AGENCY RENT A CAR SYSTEM, INC., AVIS, INC., and AVIS RENT A CAR SYSTEM, INC., Plaintiffs, against GRAND RENT A CAR CORP., HAYES LEASING COMPANY, INC., SHORE RENTALS, INC., RENT-A-CAR CO., INC., CAR & TRUCK RENTALS, INC., MOTORENT, INC., GENERAL CAR AND TRUCK LEASING SYSTEM, INC., NESS RENT A CAR, INC., BAKER CAR AND TRUCK RENTAL, INC., AUTO RENT, INC., CHECKER LEASING, INC., and, COASTAL BEND RENT A CAR, INC., individually and on behalf of all others similarly situated, Defendants.


The opinion of the court was delivered by: HURLEY

 HURLEY, District Judge

 This declaratory judgment action arises from a dispute among the parties over whether the actions of Avis Rent A Car System, Inc. ("ARACS"), in acquiring the business conducted by Agency Rent A Car System, Inc. ("Agency"), violates licensing agreements between ARACS and its licensees. Currently before the Court are motions by Defendant Grand Rent A Car Corp. ("Grand"), and all other named Defendants to dismiss the action for lack of personal and subject matter jurisdiction. *fn1" Additionally, all Defendants other than Grand move to dismiss this action for insufficiency of service of process and for failure to state a claim upon which relief can be granted. For the reasons that follow, the motions to dismiss for lack of personal jurisdiction over each of the Defendants are granted, and the action is dismissed.

 Background

 The pertinent facts, set forth below, are undisputed or appear from the complaint or plaintiffs' affidavits. For the purposes of the instant motions to dismiss on jurisdictional grounds, they are accepted as true. See Moyers v. Brown, 1990 U.S. Dist. LEXIS 224 (Jan. 8, 1990 S.D.N.Y.) (Haight, J.) (citing Hoffritz for Cutlery, Inc. v. Amajac, Ltd., 763 F.2d 55, 57 (2d Cir. 1985)).

 A. The Parties

 Plaintiffs Avis, ARACS and Agency (collectively, "Plaintiffs") are each Delaware corporations with their principal places of business in Garden City, New York. (Compl. PP 4 - 6.) ARACS is a wholly-owned subsidiary of Avis. (Id. P 6.)

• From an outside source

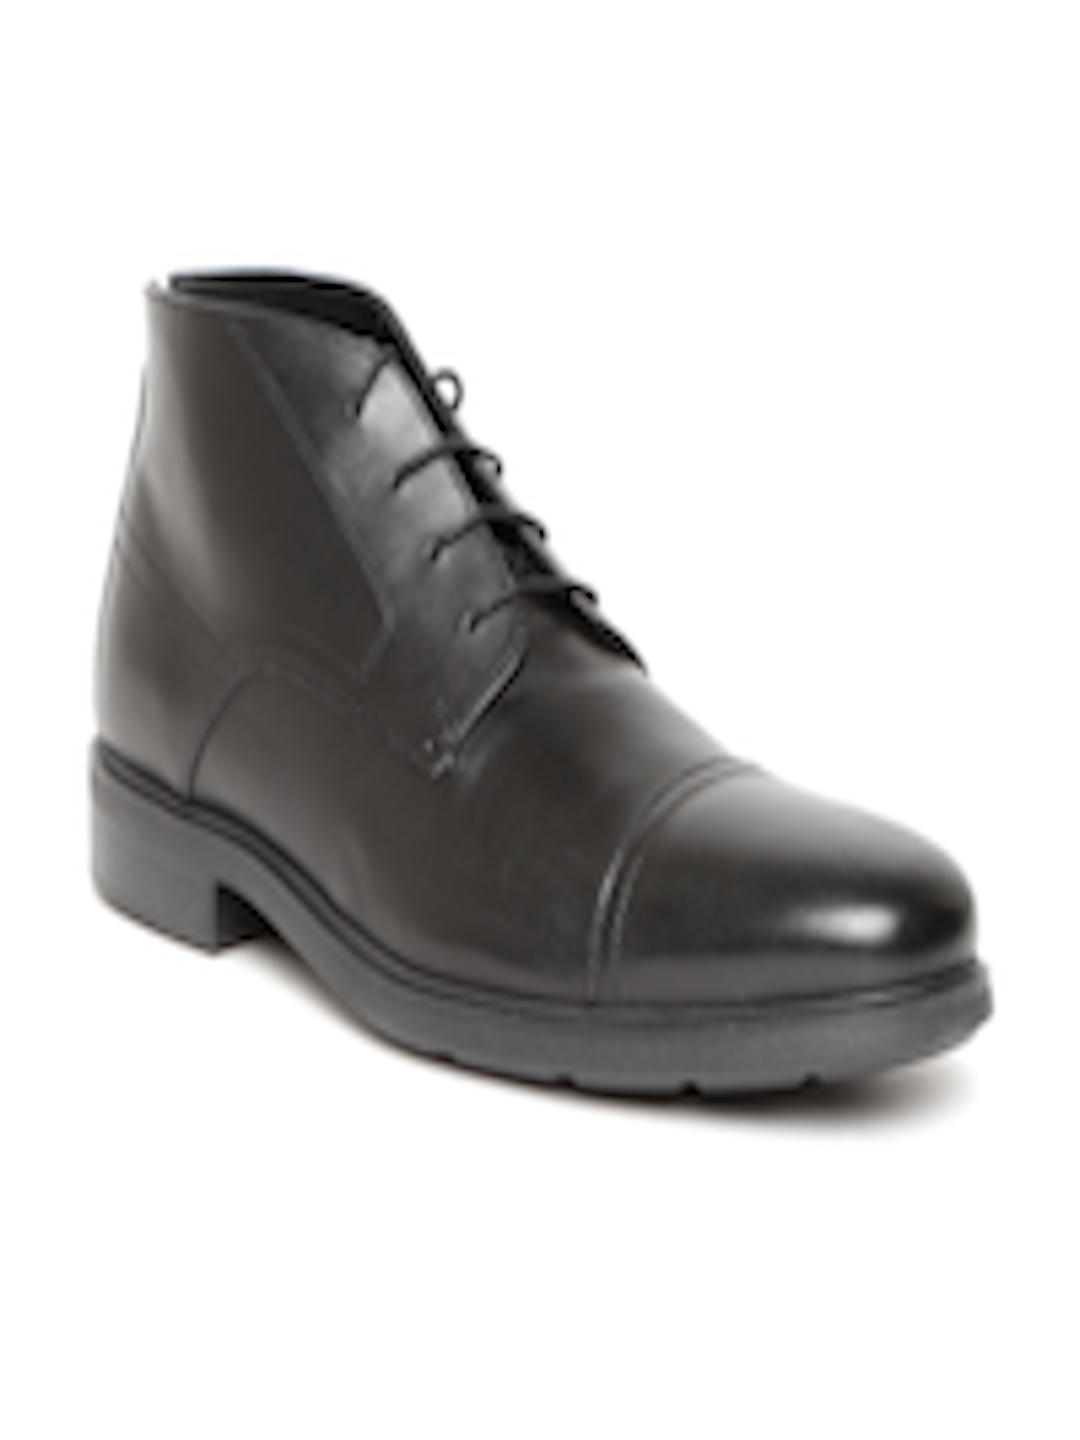 Buy Geox Men Black Leather Mid Top Formal Derbys - Formal Shoes for Men ...

 Each Defendant is a foreign corporation, with its principal place of business as follows: Grand, El Segundo, California; Hayes Leasing Co. ("Hayes"), Dallas, Texas; Shore Rentals, Inc. ("Shore"), Matawan, New Jersey; Rent-A-Car Co., Inc. ("Rent-A-Car"), Richmond, Virginia; Car & Truck Rentals, Inc. ("Car & Truck Rentals"), Birmingham, Alabama; Motorent, Inc. ("Motorent"), Nashville, Tennessee; General Car and Truck Leasing System, Inc. ("General"), Davenport, Iowa; Kal-Co. Rental & Leasing, Inc. ("Kal-Co"), Kalamazoo, Michigan; Ness Rent A Car, Inc. ("Ness"), Fargo, North Dakota; Baker Car and Truck Rental, Inc. ("Baker"), Little Rock, Arkansas; Auto Rent, Inc. ("Auto Rent"), Amarillo, Texas; Checker Leasing ("Checker"), Roanoke, Virginia; Coastal Bend Rent A Car, Inc. ("Coastal Bend"), Corpus Christi, Texas.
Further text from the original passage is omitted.